You’re standing in the produce aisle, staring at a wall of green. It all looks like kale, but one bunch is curly and bright, another is dark and flat like a dinosaur’s skin, and there’s a purple one that looks more like a flower than dinner. Most people just grab the curly stuff and hope for the best. Big mistake. Honestly, if you’ve ever eaten a kale salad that felt like chewing on a loofah, you probably just picked the wrong variety for the job.
The reality of a types of kale chart isn't just about color. It's about texture, heat tolerance, and whether or not your jaw is going to ache by the time you finish your bowl.
The Curly Kale Standard (and Why It’s Tricky)
Curly kale is the "default." It’s what you see as a garnish on salad bars or tucked under oranges in a grocery display. Scientifically known as Brassica oleracea var. sabellica, this variety is the workhorse of the leafy green world. It’s rugged. It grows in almost any soil. But it’s also the most common reason people hate kale.
The leaves are fibrous. If you just chop this up and throw it in a bowl with some ranch, you're going to have a bad time. You've gotta massage it. Seriously. You take that curly kale, pour on some olive oil or lemon juice, and literally knead it like bread dough for three minutes. You’ll feel the cell walls break down. The color shifts from a dull hunter green to a vibrant, translucent emerald. That’s when it’s actually edible.

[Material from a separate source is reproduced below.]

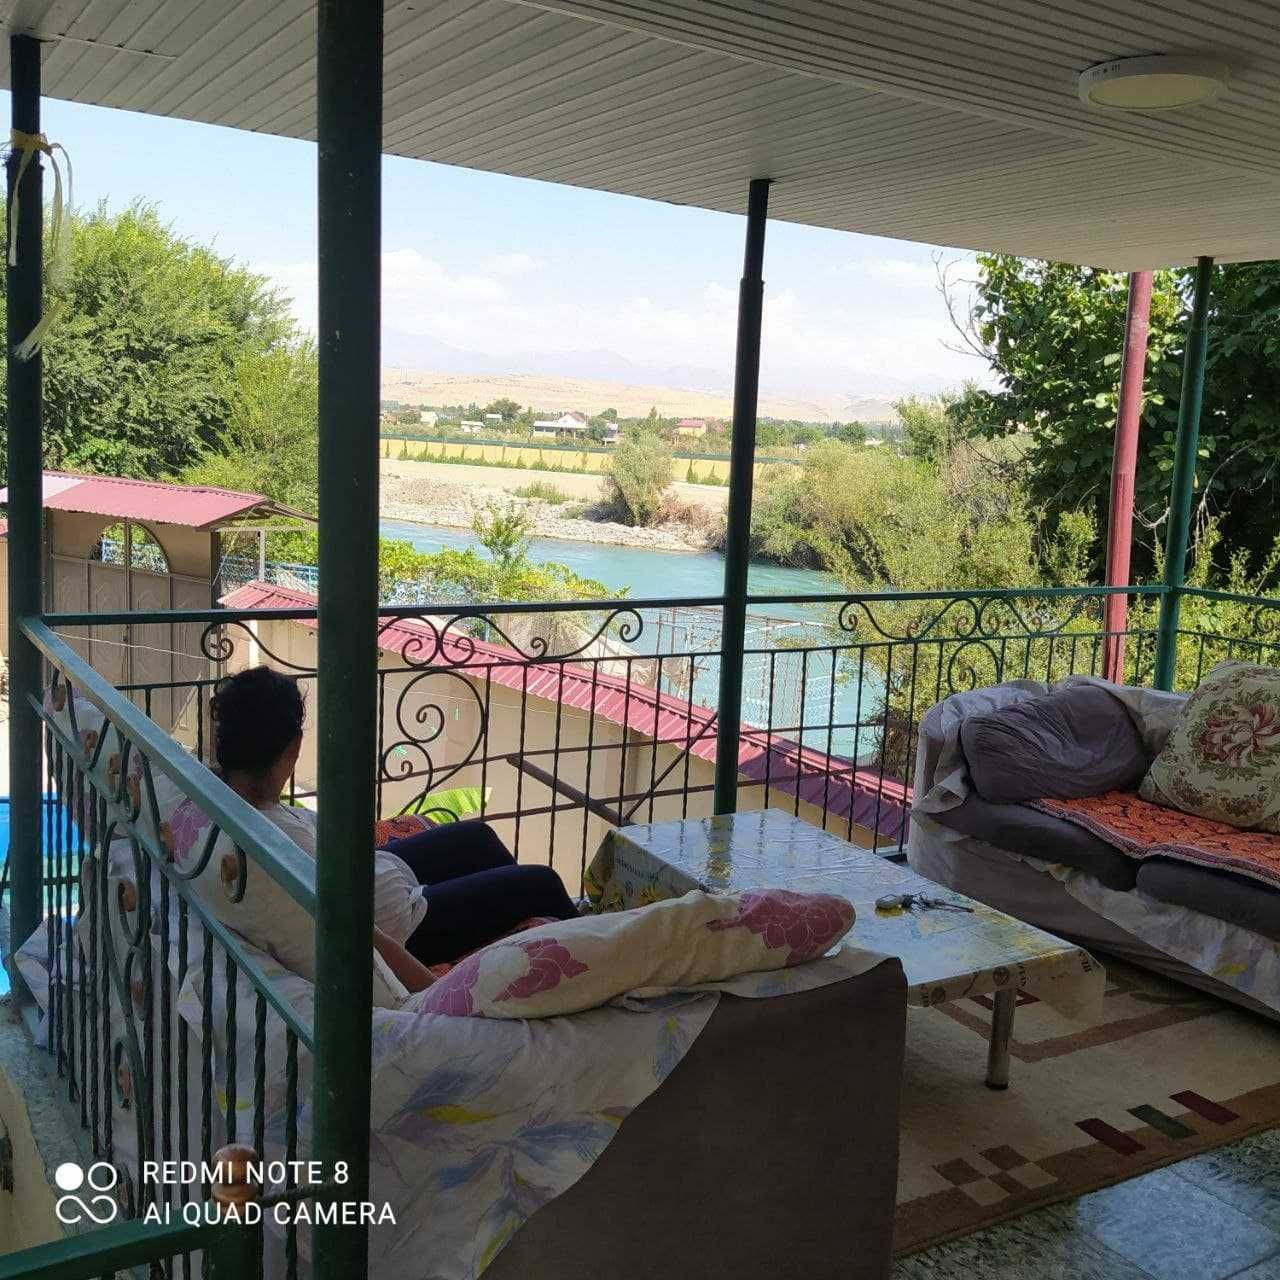 Загородный дом, дача продам, обменяю на участок в Ташкенте или области

If you're looking at a types of kale chart for something to throw into a morning smoothie, curly is usually your best bet because it’s cheap and available everywhere. Just watch out for the stems. They are basically wood.
Lacinato: The Chef’s Favorite
You might hear this called Dinosaur kale, Tuscan kale, or Nero di Toscana. It looks prehistoric. The leaves are a deep, dark blue-green, almost black in some lights, and they don't have those frilly edges. Instead, they are puckered and bumpy.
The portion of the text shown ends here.